(Collected data)
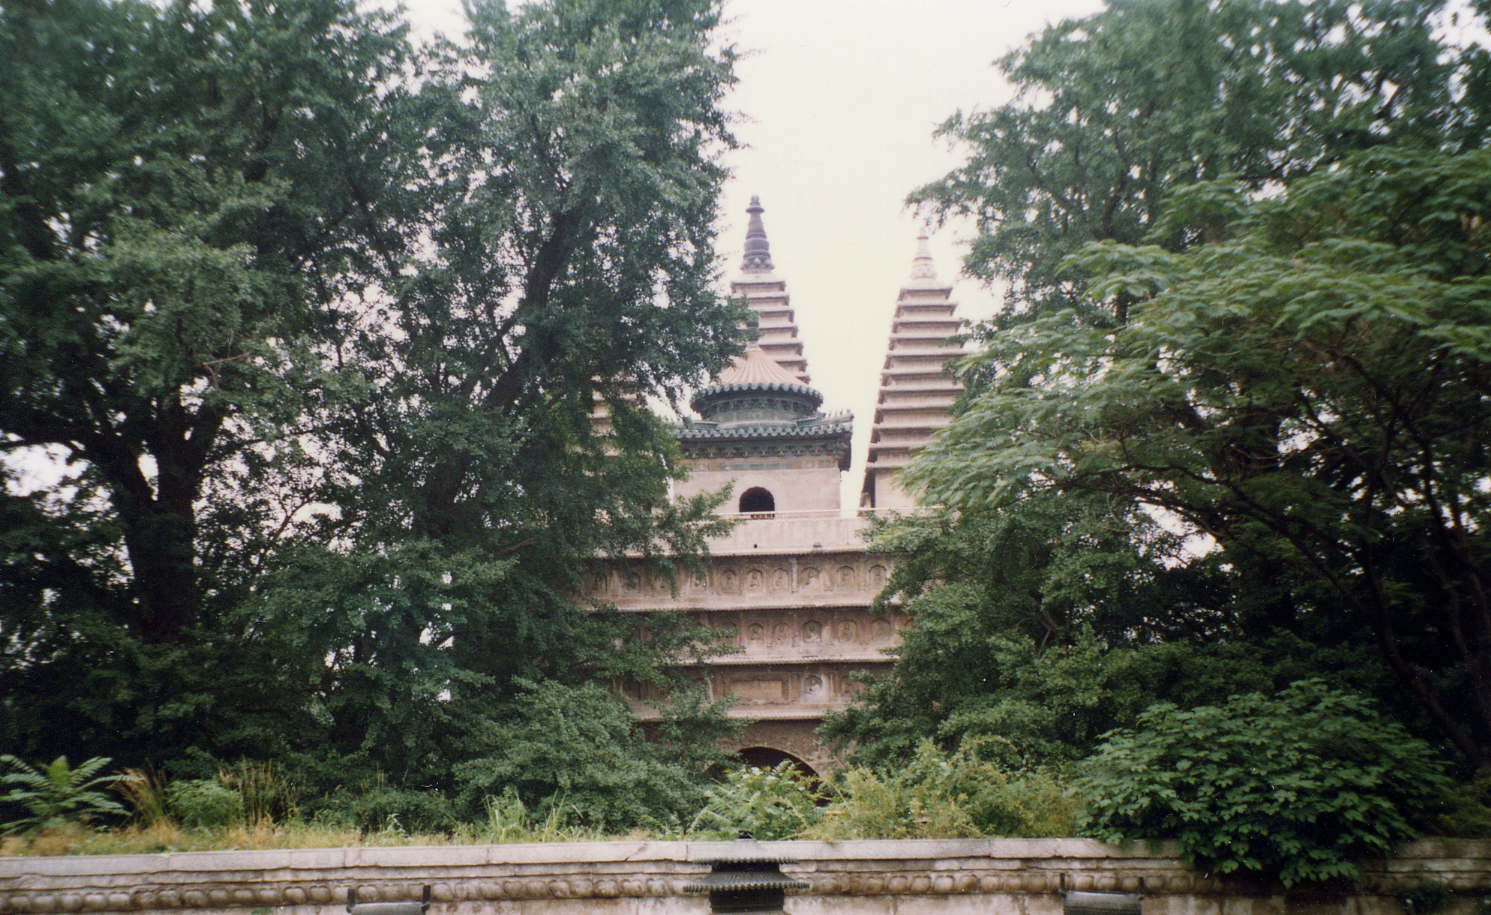 View through trees of building featuring three tapered towers and smaller central tower with conical roof
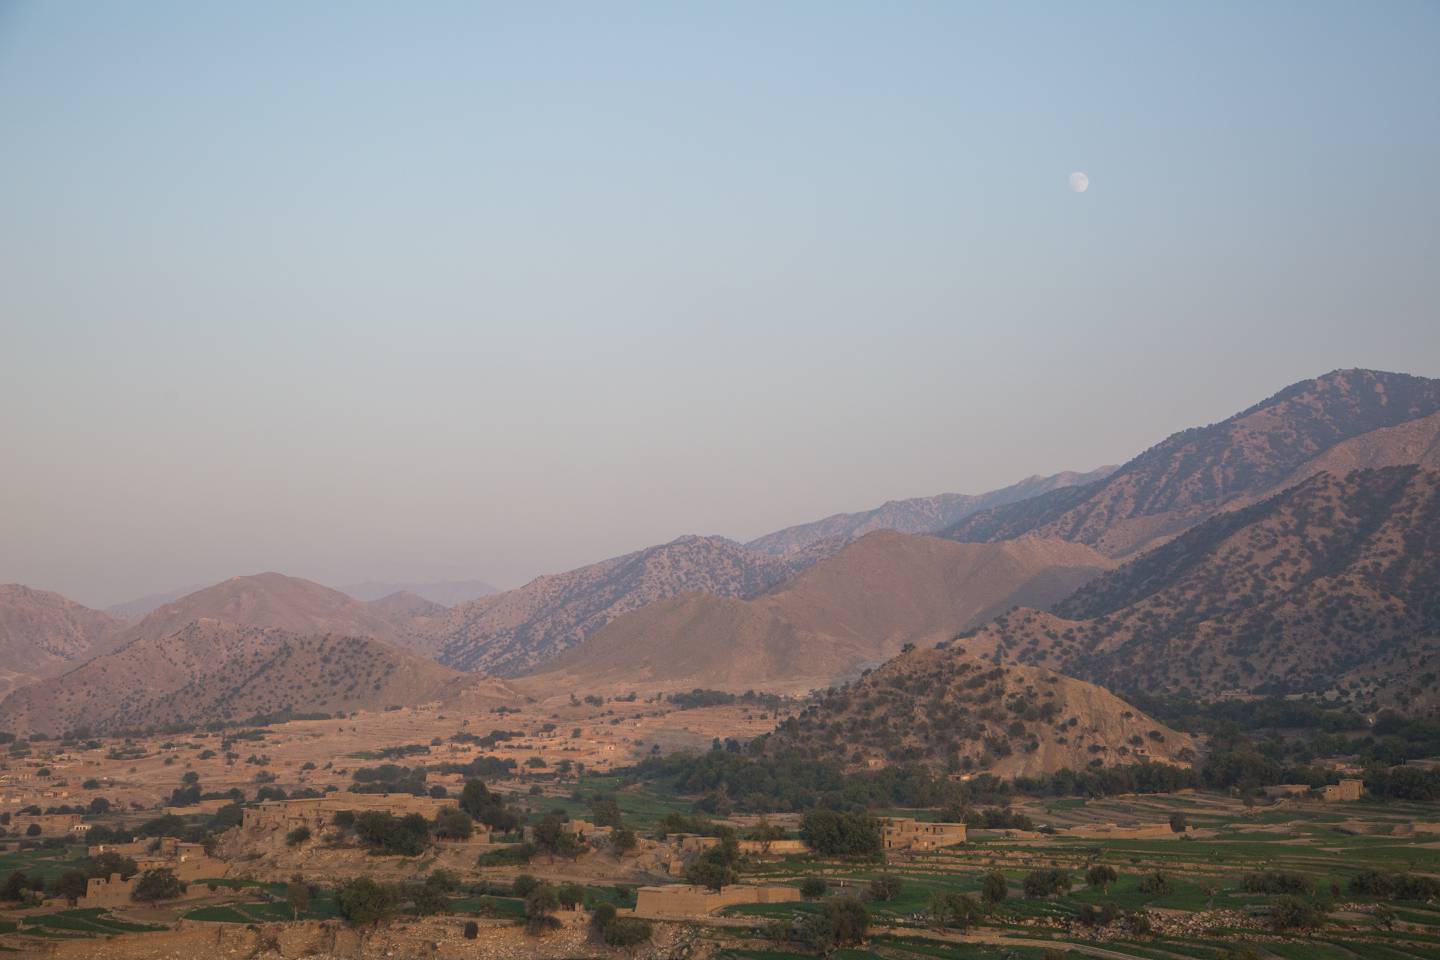 The moon rises over Pekha Valley, Achin District, Nangahar Province, Afghanistan, Sept. 3, 2017.
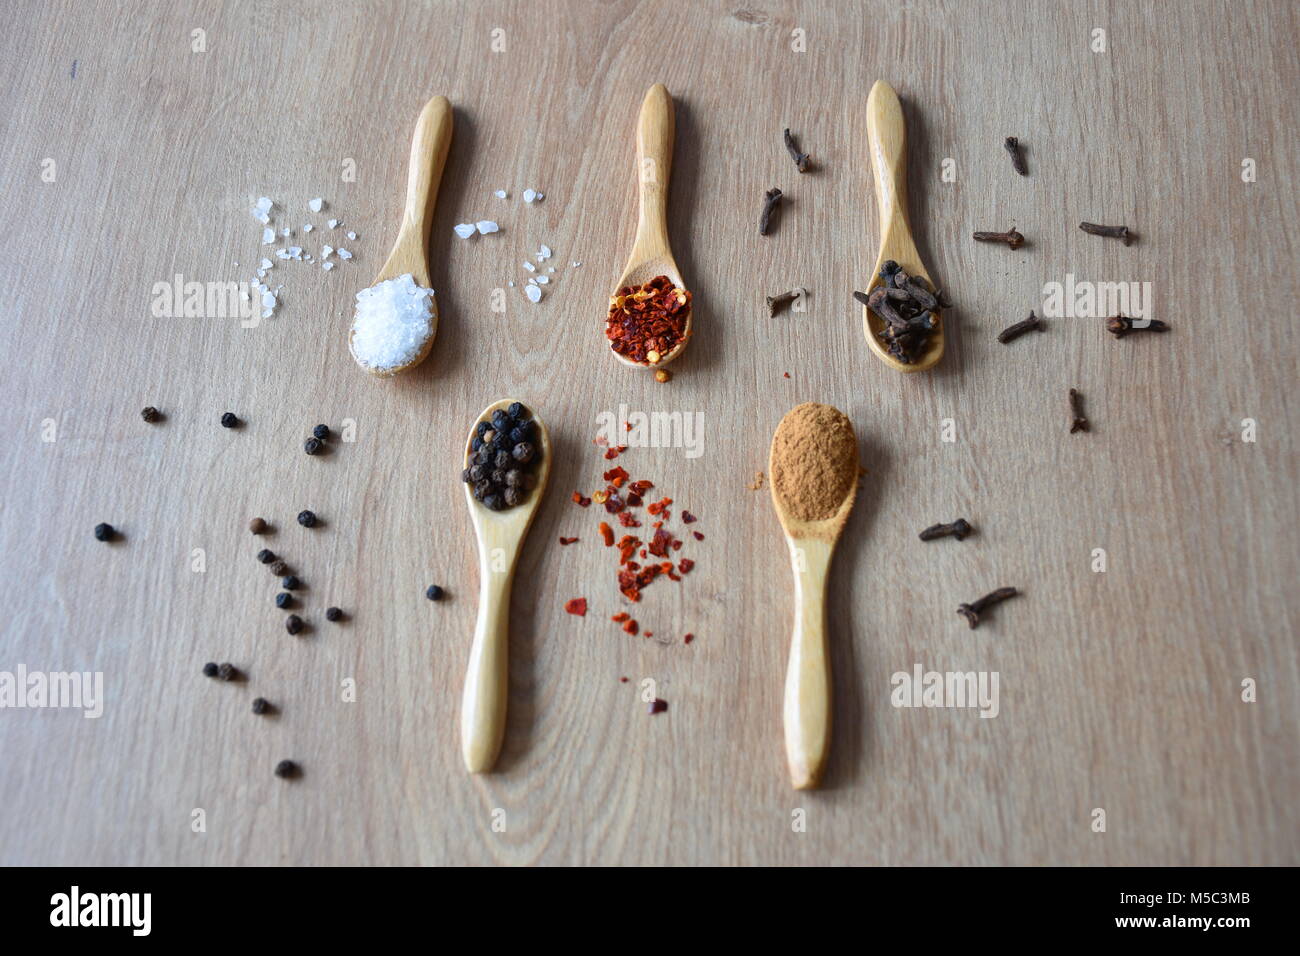 High angle view of the spices Stock Photo
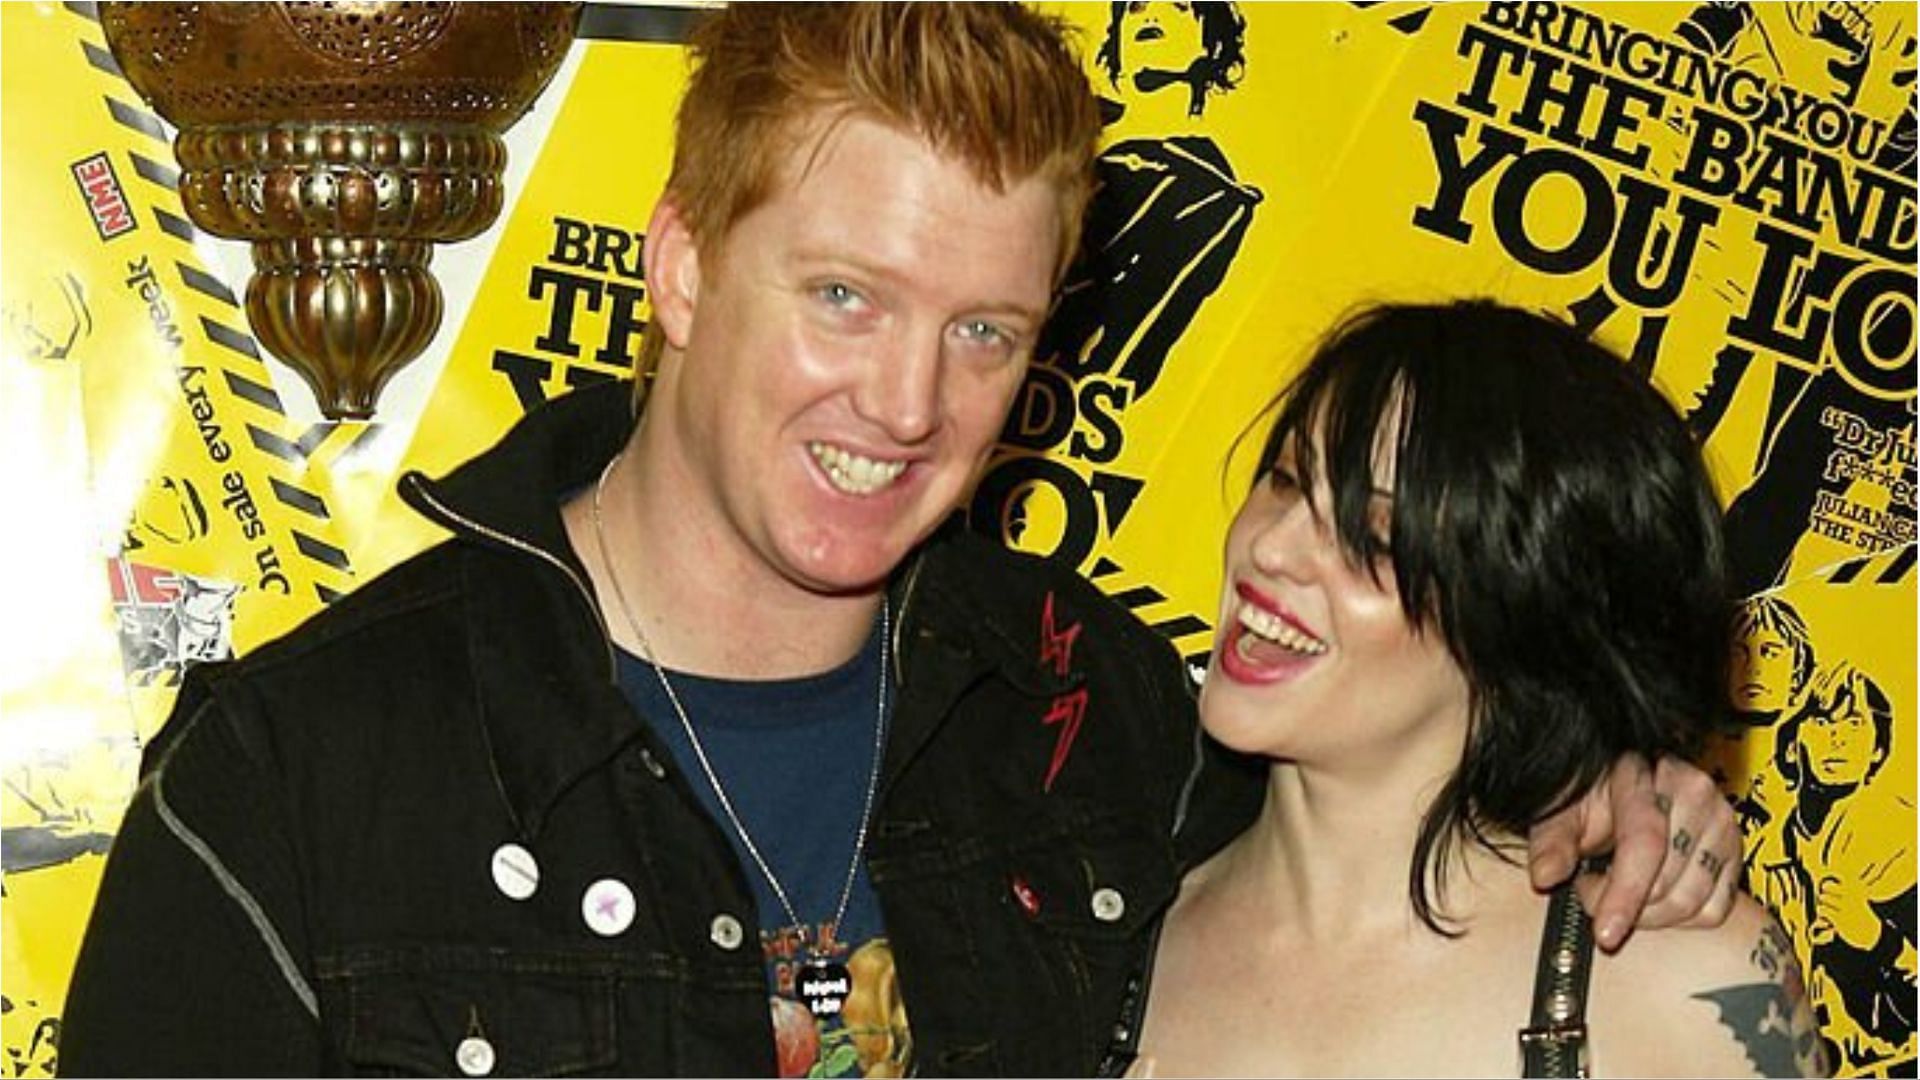 Josh Homme&#039;s statement mentioned that Brody Dalle violated court orders (Image via Dave Hogan/Getty Images)
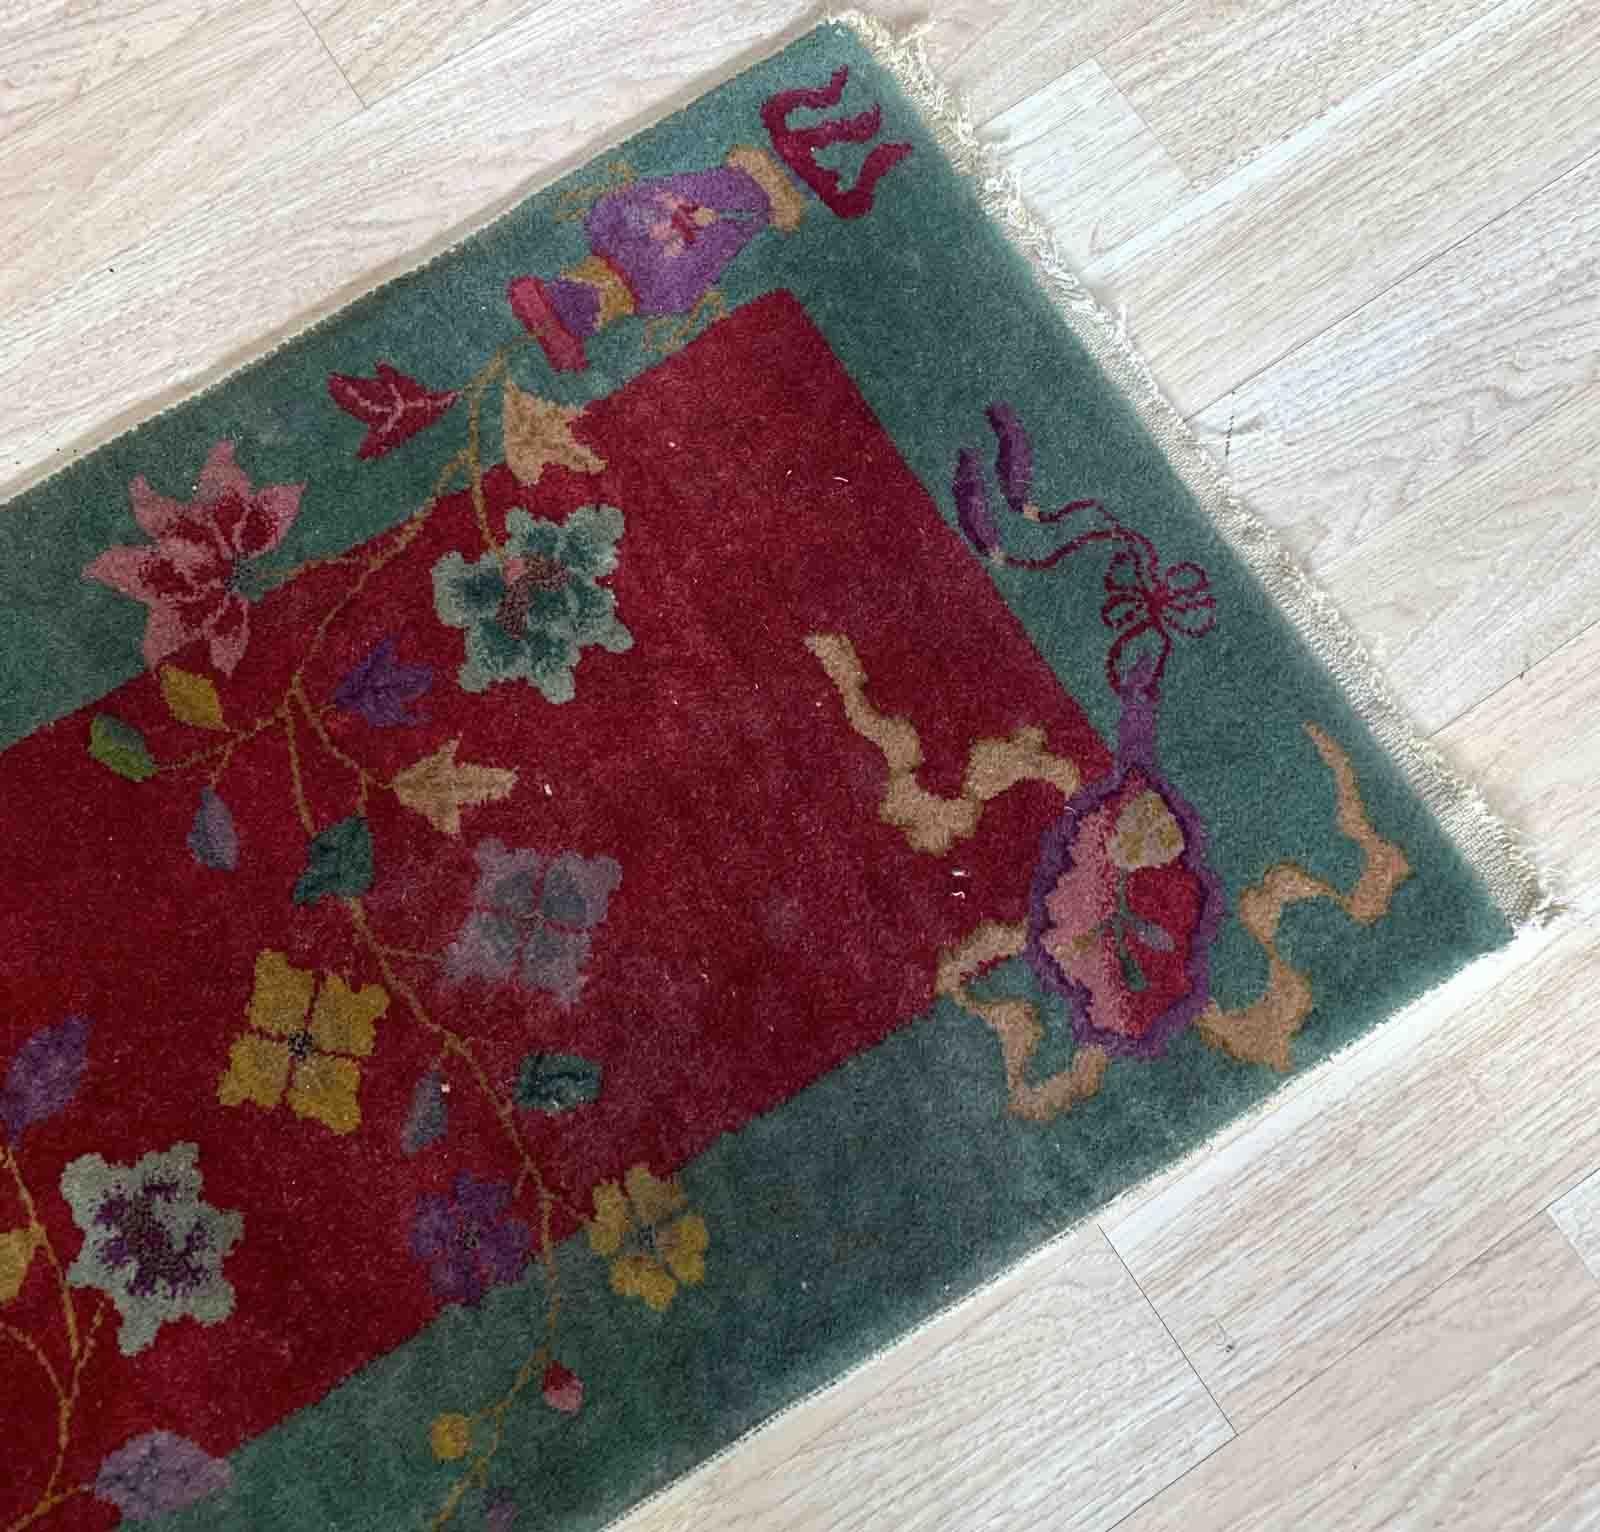 This exquisite Art Deco Chinese rug from the 1920s is a true work of art. Handmade with meticulous attention to detail, it features a captivating design in rich, vibrant colors. The background colors of deep red, grass green, purple, beige, and

• _What is required_:
Down to the last line, set down the data above exactly, and omit all images.

• _Finished task_:
 View through trees of building featuring three tapered towers and smaller central tower with conical roof
 The moon rises over Pekha Valley, Achin District, Nangahar Province, Afghanistan, Sept. 3, 2017.
 High angle view of the spices Stock Photo
 Josh Homme&#039;s statement mentioned that Brody Dalle violated court orders (Image via Dave Hogan/Getty Images)
 This exquisite Art Deco Chinese rug from the 1920s is a true work of art. Handmade with meticulous attention to detail, it features a captivating design in rich, vibrant colors. The background colors of deep red, grass green, purple, beige, and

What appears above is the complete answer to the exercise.